The Beer Wench has asked us to write about “Frankenstein Beers” for today’s 44th gathering of The Session. I’ll be brief because I must get back to my research on what the best time to add Rosa Solis to the boil might be. I’d like to maximize the stirring up of lust.
Does a beer brewed with wheat malt, oat malt and beans sound like a Frankenstein beer? How about if once fermentation begins the brewers add the inner rind of a fir tree; fir and birch tree tips; Cnicus benedictus, a bitter herb used to stimulate appetite; flowers of Rosa Solis, an insect-eating bogplant, said to stir up lust; elder flowers; betony; wild thyme; cardamom; and pennyroyal (which turns out to be dangerously poisonous).
According to Martyn Cornell’s Amber, Gold & Black: The Story of Britain’s Great Beers that that wouldn’t be at all new. It’s a seventeenth century recipe for Mum from one of those boring old British brewers, a beer that apparently took inspiration from something an equally staid German brewer invented in 1492 and called Mumme. A poem written in about 1725 described Mum as “bitter as gall/And as strong as six horses/Coach and all.”
“There’s very little that’s new in the world,” Ron Pattinson, groundkeeper at Shut up about Barclay Perkins, answered via email when I asked him about this for an article that appeared in American Brewer. “It’s indicative of the poor grasp of beer history that modern brewers believe they are breaking new ground when, in reality, they’re following a well-trodden path. High OG, heavy hopping, long barrel-aging; all of these were commonplace 150 or 250 years ago.”
When I asked him to pick the “original” extreme beer he wrote, “Well Danziger Joppenbier is hard to beat. It was around since at least the 1700s. It was like Mumme, but even weirder.” Curiously, although the beer was brewed in Danzig most of its sales were in Britain, where it was spelled Jopenbier.
Randy Mosher, author of Radical Brewing and Tasting Beer, came up with the exact same answer. “The weirdest one I’ve run across is Danziger (Gdansk) Jopenbier, a . . . beer that started as a malt syrup at over 50 °Plato (not a typo, fifty), fermented spontaneously with a variety of oxidative yeasts and possessing a lot of sherrylike qualities,” he replied.
So Danziger Joppenbier, with flowers of Rosa Solis. I’d love to provide some tasting notes. As soon as somebody brews it.
Stan, quick question you might know. Do you know of any spontaneous fermentations in the US that have worked out? And I don’t mean spontaneous as in the wood walls of the room containing the fermentation vessel were sprayed down with a pre-known strains. I know Allagash did one, but when visiting they said it hadn’t turned out yet. Is there a local airborne microflora in the US that produces a quality flavor?

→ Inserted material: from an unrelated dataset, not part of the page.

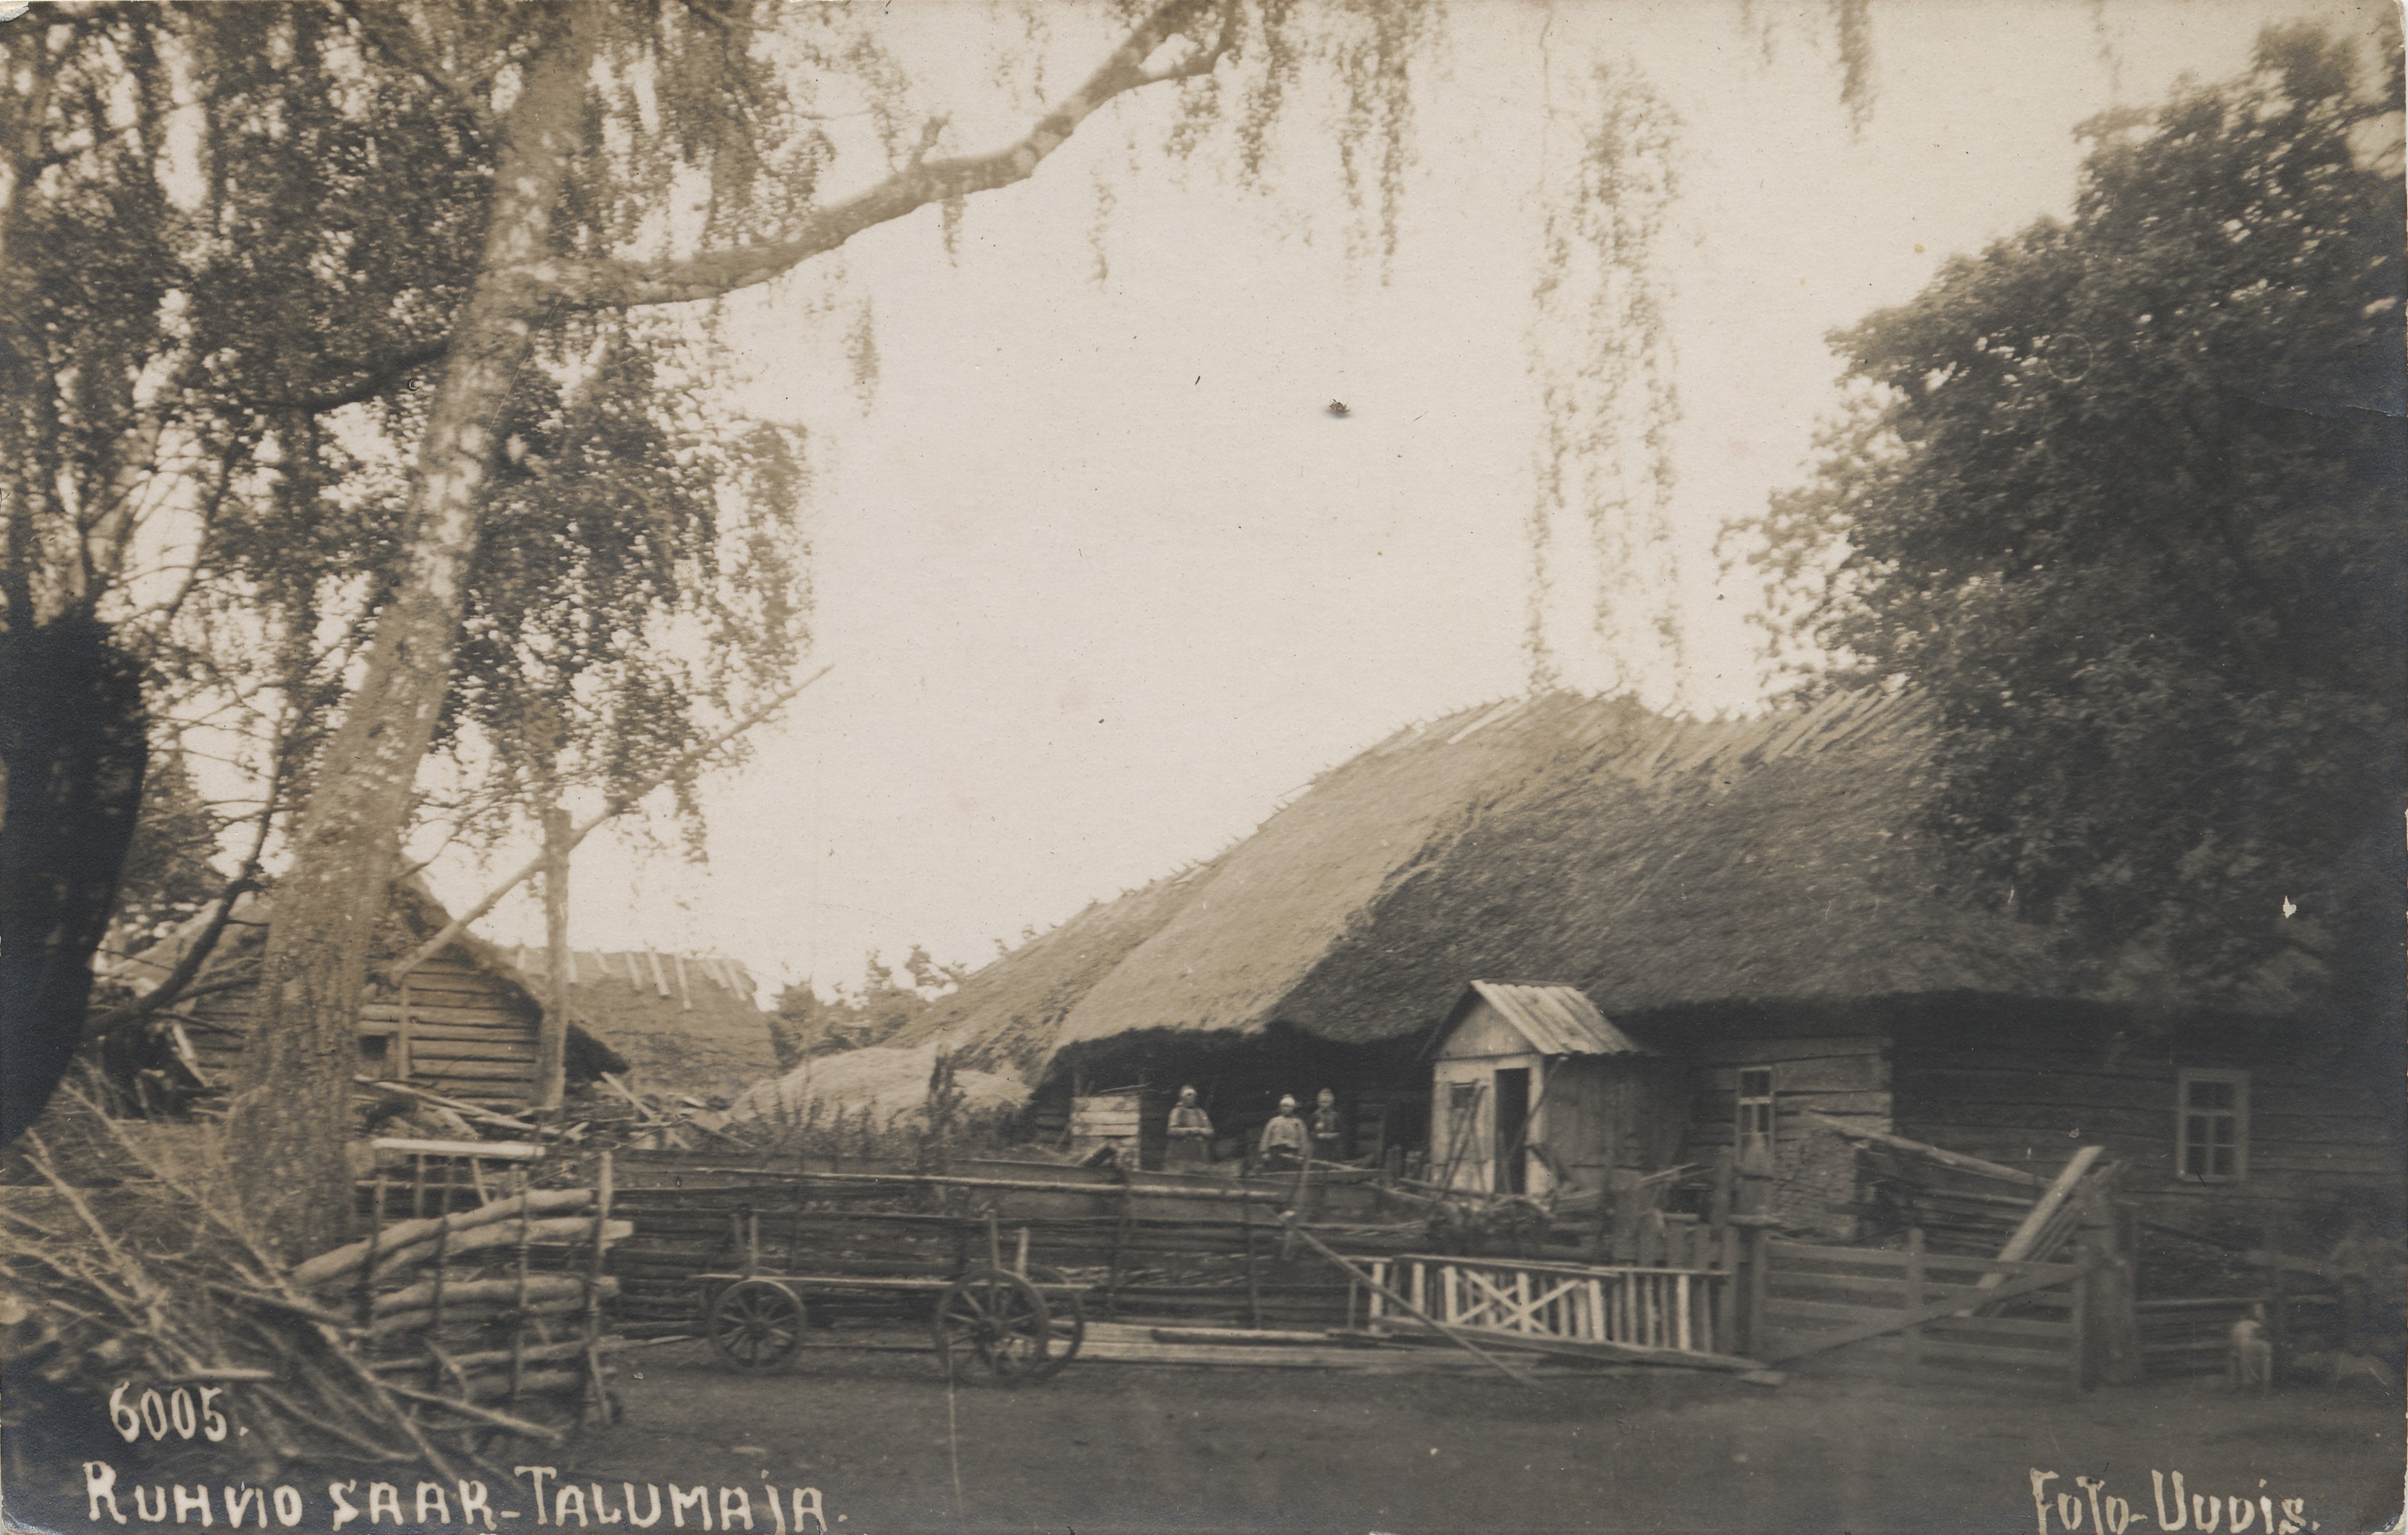 Ruhno Island : farmhouse

Betony is said to be a safe sedative for kids.
I showed some monks Elephant Head betony that grows by them. They made a whole pot of tea from quite a bit of betony. All fell asleep mid day for about 6 hrs.
Number two in the weird stakes would be Lyon Brown Beer that they threw calves’ feet into and then boiled in a pressure cooker.
Todd – Thanks for the tip. I’m headed up to Abiquiu next weekend and will ask them about that.